Custom loss with instance weights

G’day and apologies for any mistakes (first post here…)!

I’ve set up an object detector CNN that (for now) predicts the label of cells on a WxH grid (background vs. object).
So far I’ve used pyTorch’s integrated Cross-Entropy loss, but unfortunately this has no implementation of instance weights. My task heavily relies on individual weighting (for example, I need to disable backprop. in the vicinity of an object to allow the model to have some translation shifts), and therefore I need a solution for that.

Ideally I’d like to have an instance-weighted multi-task loss (cross-entropy for the class, regression for bounding box coordinates), but to start simple let’s ignore the coordinates. I tried to create a drop-in layer before the loss that just multiplies the gradients with a weight grid during the backward pass. Something like this:

class WeightMultiplier(Function):

   def forward(self, input, target, instanceWeights):
       # Technically I'd need to apply the weights also during the forward pass,
       # but for simplicity reasons I didn't intend to re-implement a weighted
       # cross-entropy loss.
       # So I'll just do an identity transform here.
       
       self.instanceWeights = instanceWeights
       
       return input
       
       
       
   def backward(self, grad_output):
       # Here I'd like to have the grad_output multiplied by the instance weights,
       # but this step is never called...
       
       return torch.mul(grad_output,self.instanceWeights)

However, if I insert this layer in my model:
pred_label = model(imgTensor)
pred_label = model.weights_grid(pred_label,labelTensor)
loss_label = model.label_loss(pred_label,labelTensor.squeeze())
loss_label.backward()
optimizer.step()

the backward pass is never executed.
I’m positive there’s lots of the autograd functionality I still have to learn. So what am I doing wrong? And how would you proceed with something like this (instance-weighted multi-task loss)?

Many thanks for your answers.

– EDIT –
I don’t get it. I’ve updated some of the software packages but didn’t change anything else. Now suddenly only one of my GPUs work (the other freezes PyDev), but out of the blue the backward pass actually gets called!
So in this case I guess I can re-formulate my question: what is the best practice to implement a multi-task instance-weighted loss in PyTorch?
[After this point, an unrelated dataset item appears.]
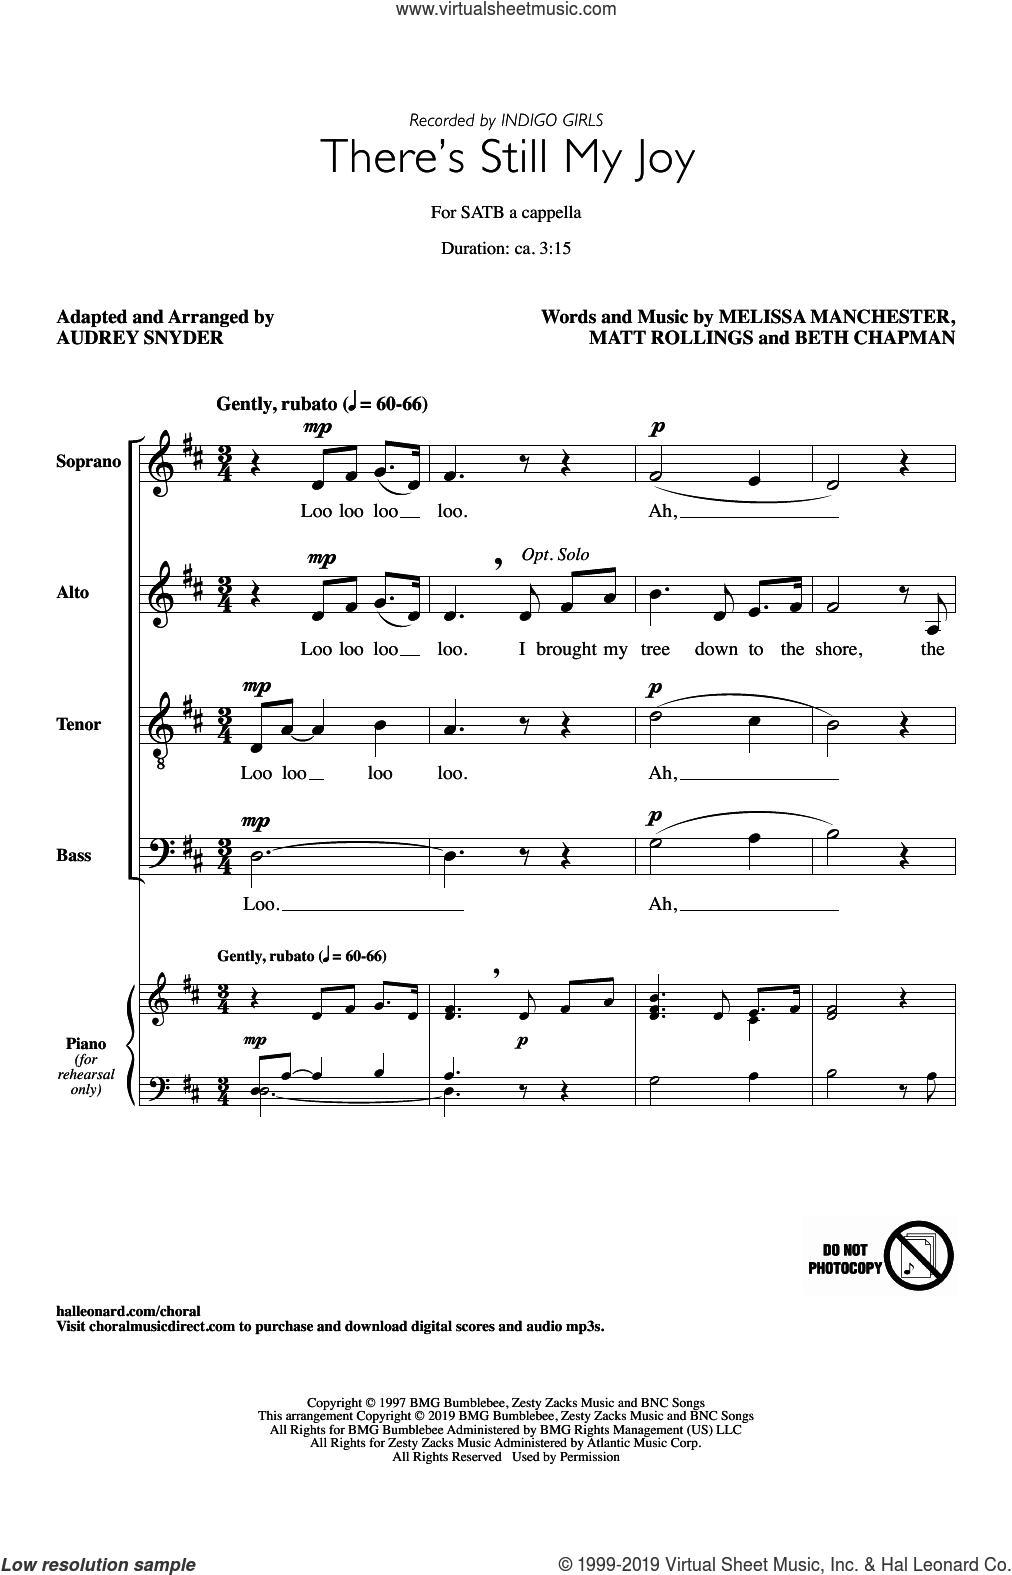 There's Still My Joy (arr. Audrey Snyder) sheet music for choir (SATB: soprano, alto, tenor, bass) by Indigo Girls, Audrey Snyder, Beth Chapman, Matt Rollings and Melissa Manchester, intermediate skill level

Correct me if I’m wrong, but as I understand it, you’re looking for a way to have a loss function (something like CrossEntropy loss) weigh each instance separately. I’m currently working on something that will have loss functions return a loss per instance, so you can apply weights to these losses and sum them together yourself.

If you want to implement an instance-weighted loss, I think you’d have to re-implement a loss.